Lean 4’s LCNF construction lowers Lean’s Core IR into LCNF (Lean Compiler Normal Form), a basic-block IR with let bindings, function applications, and explicit join points. Lean’s approach to mutable variables (which arise from do-notation desugaring) is similar to Ori’s — each mutation creates a fresh variable, with phi-like merge at join points.
Swift’s SILGen lowers Swift’s AST into SIL, handling closures through a similar lambda-lifting pattern where captured variables become leading parameters of the extracted function. Swift’s capture analysis is more complex because Swift supports mutable captures (capturing a variable by reference), while Ori captures by value.
MLIR pioneered the use of block arguments (block parameters) as the merge mechanism instead of phi nodes. Ori’s ARC IR follows this design — blocks declare parameters, and Jump terminators pass arguments. This representation is now widely considered superior to phi nodes for compiler passes that manipulate control flow.
Design Tradeoffs
SSA construction during lowering vs post-hoc. Ori constructs SSA form during lowering rather than building a non-SSA CFG and then running a dominance-frontier-based phi insertion algorithm. This is simpler and produces well-formed SSA immediately, but it means the lowering pass must handle the merge logic for every control flow construct. The alternative (Cytron-style post-hoc insertion) would decouple control flow lowering from SSA construction, at the cost of an additional pass.
Lambda lifting vs closure conversion. Lambda bodies are extracted into separate ArcFunctions (lambda lifting), with captured variables becoming explicit parameters. The alternative — keeping lambda bodies inline and using a closure representation that the ARC pass can analyze — would avoid the extraction step but complicate every ARC pass (each would need to handle nested function bodies). Lambda lifting simplifies all downstream passes at the cost of the extraction machinery.
Flat lambda list vs hierarchical.
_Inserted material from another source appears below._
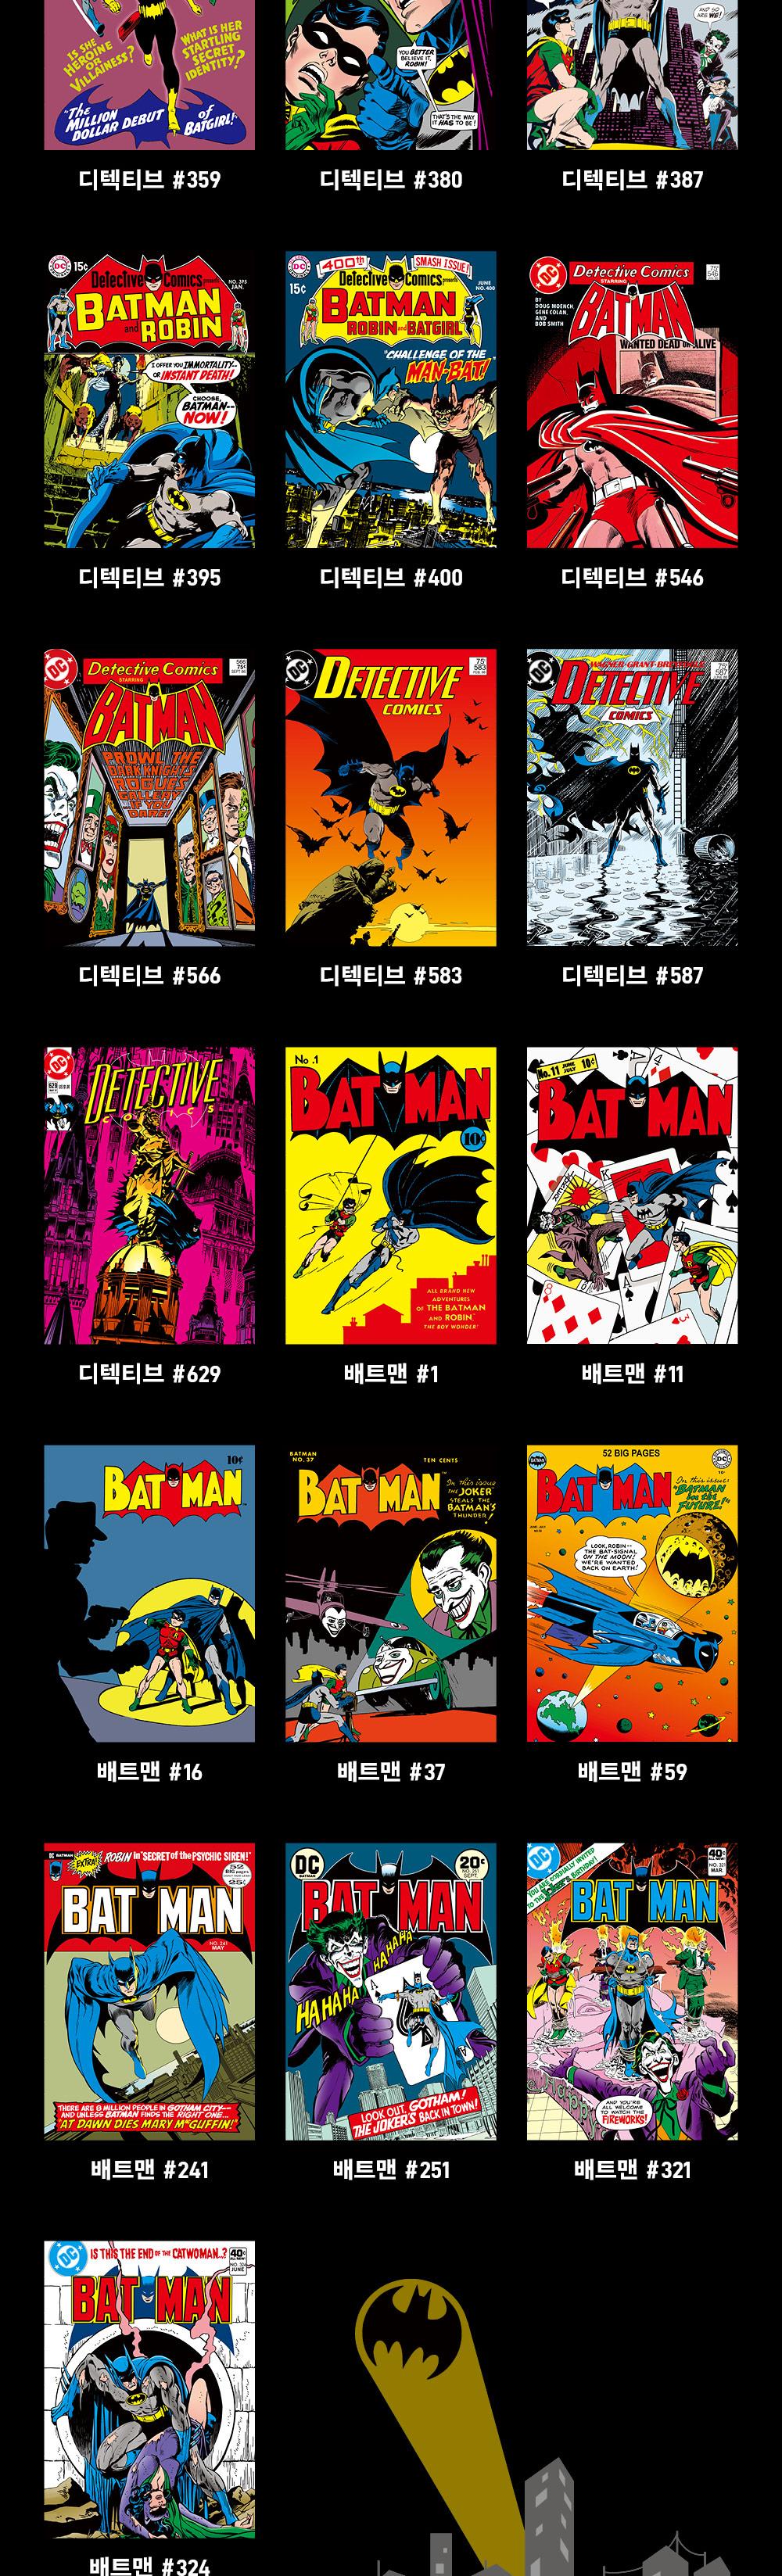 DC코믹스 인테리어 포스터_배트맨_02.jpg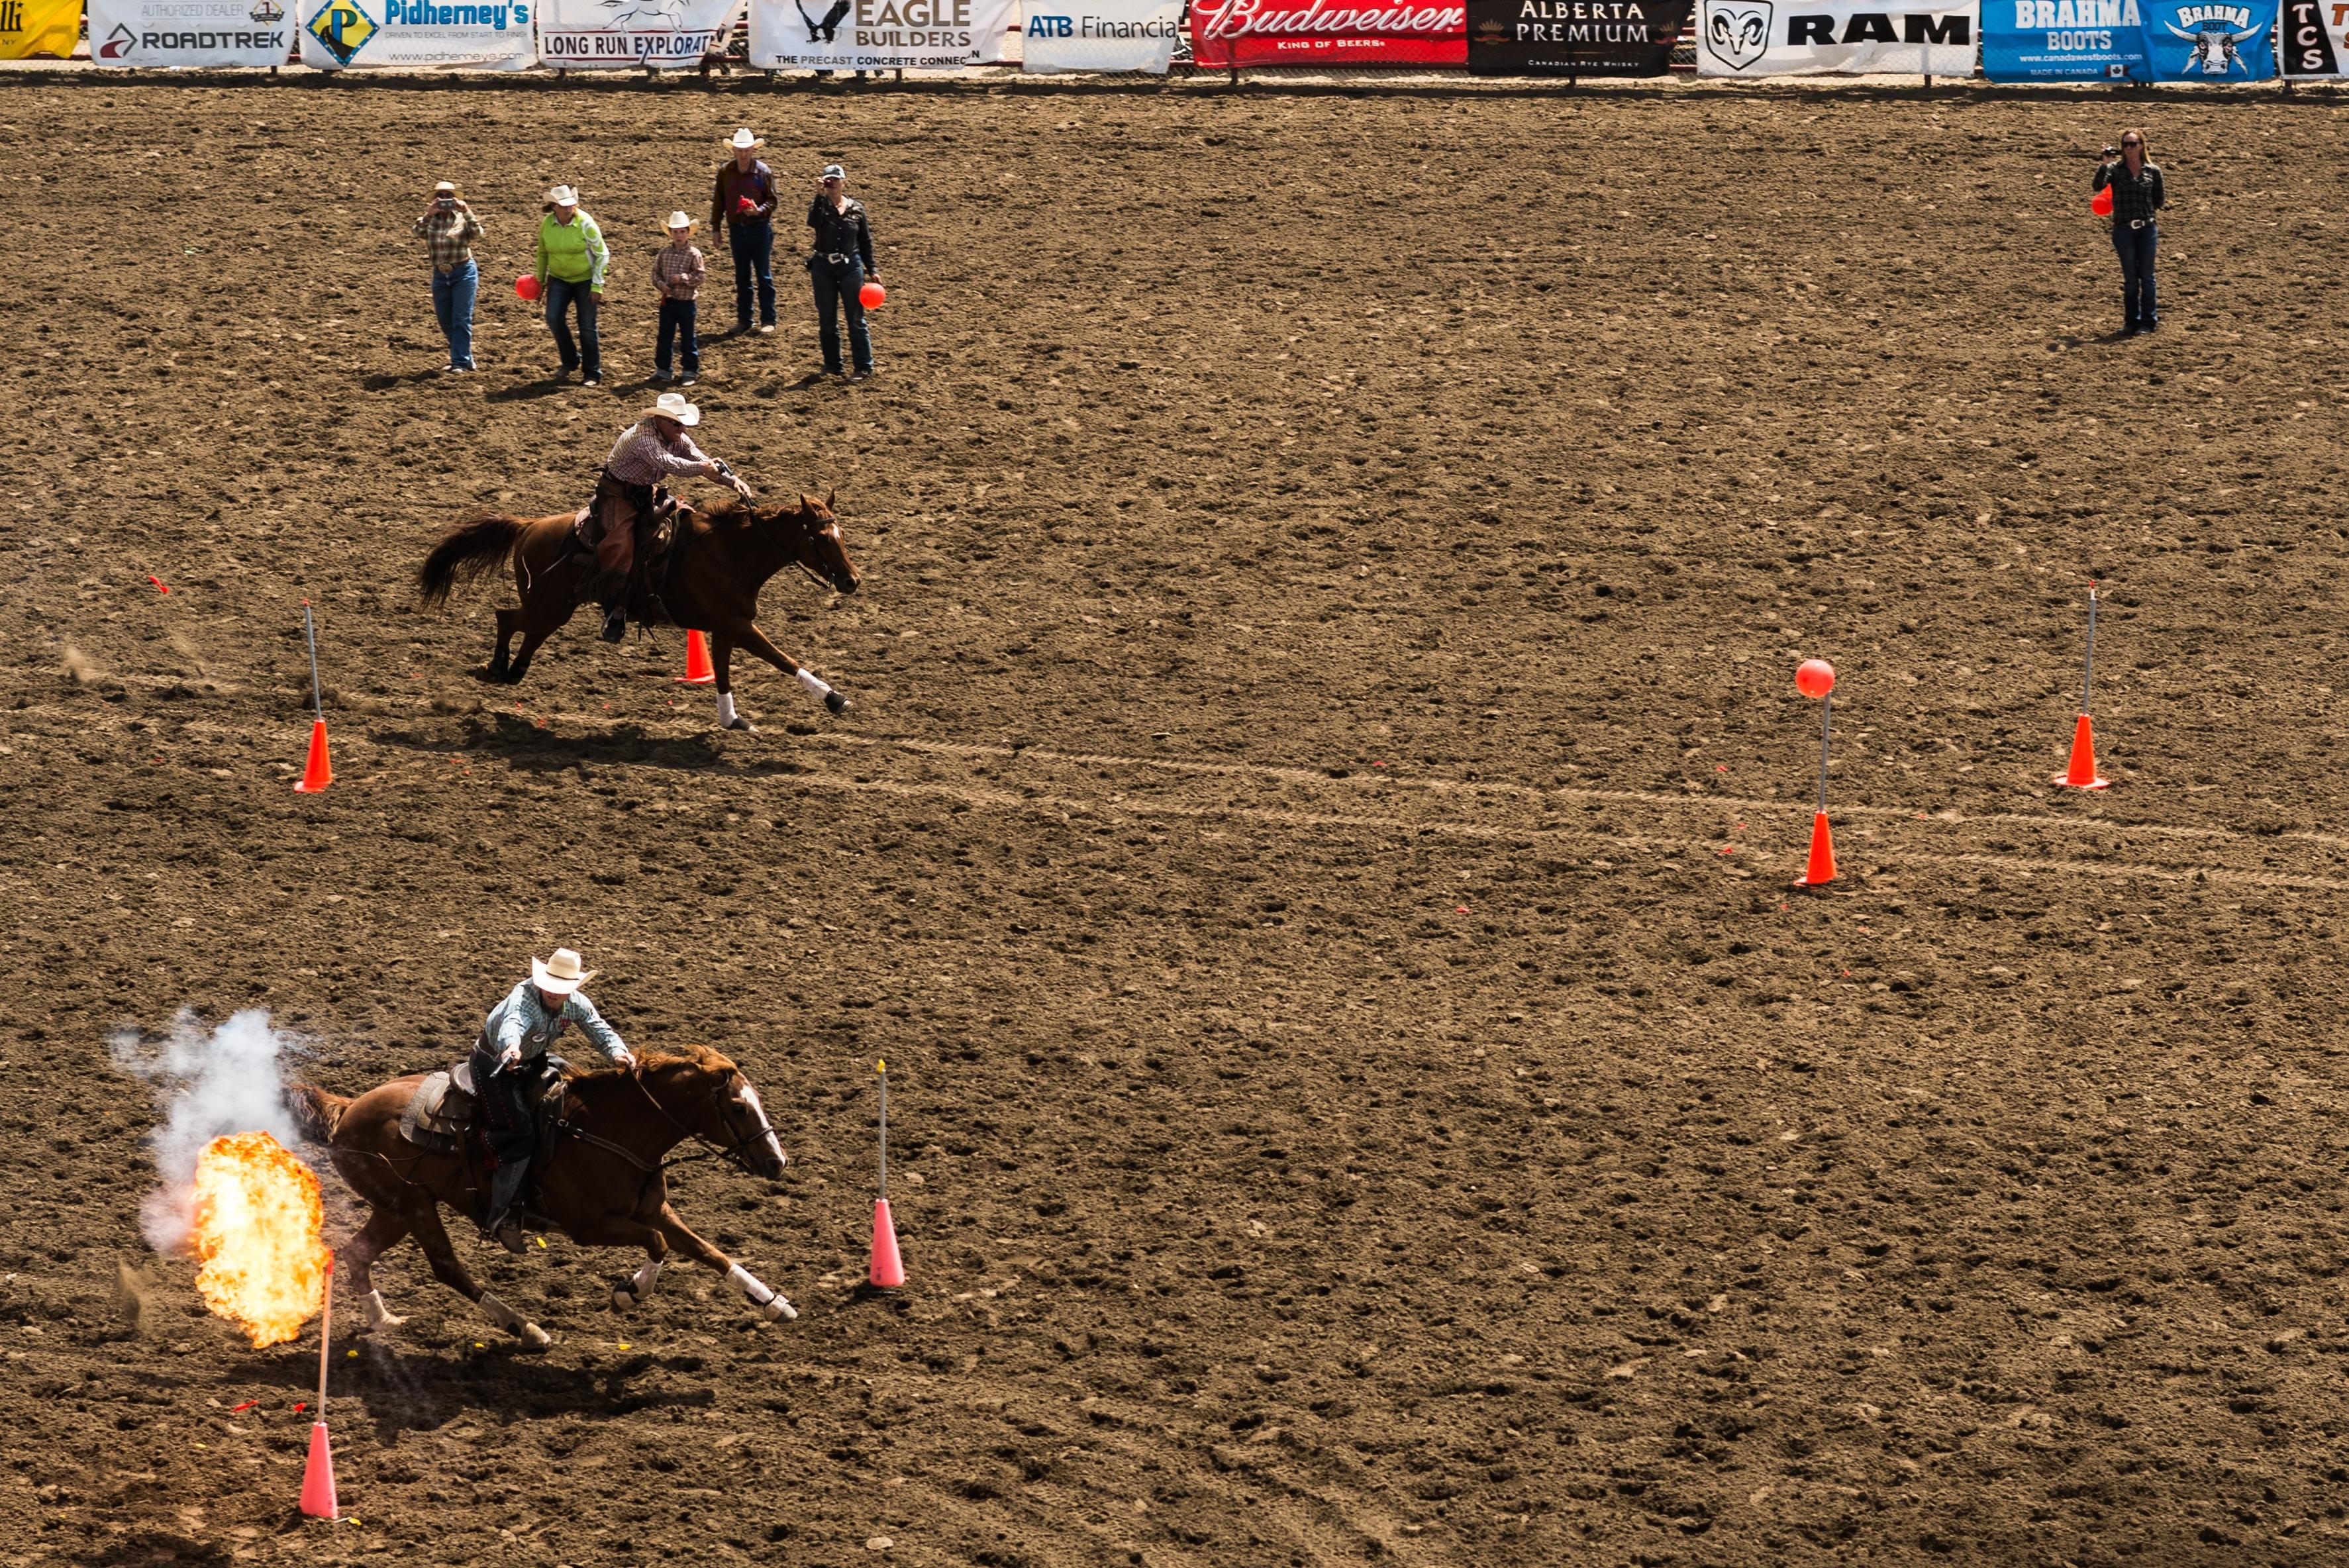 two men racing horseback riding

Nested lambdas are accumulated into a single flat list rather than a tree reflecting the nesting structure. This simplifies the caller (no recursive traversal needed) at the cost of losing nesting information. In practice, the nesting information is not needed after lowering — each ArcFunction is self-contained with its captures as explicit parameters.
Invoke vs Apply split. The distinction between Apply (nounwind) and Invoke (may-unwind) could be deferred to the LLVM backend (all calls become invoke, and LLVM optimizes away unnecessary landing pads). Making the distinction during lowering allows the ARC pipeline to generate cleaner code for nounwind calls (no unwind edges, no cleanup blocks) at the cost of a classification decision during lowering.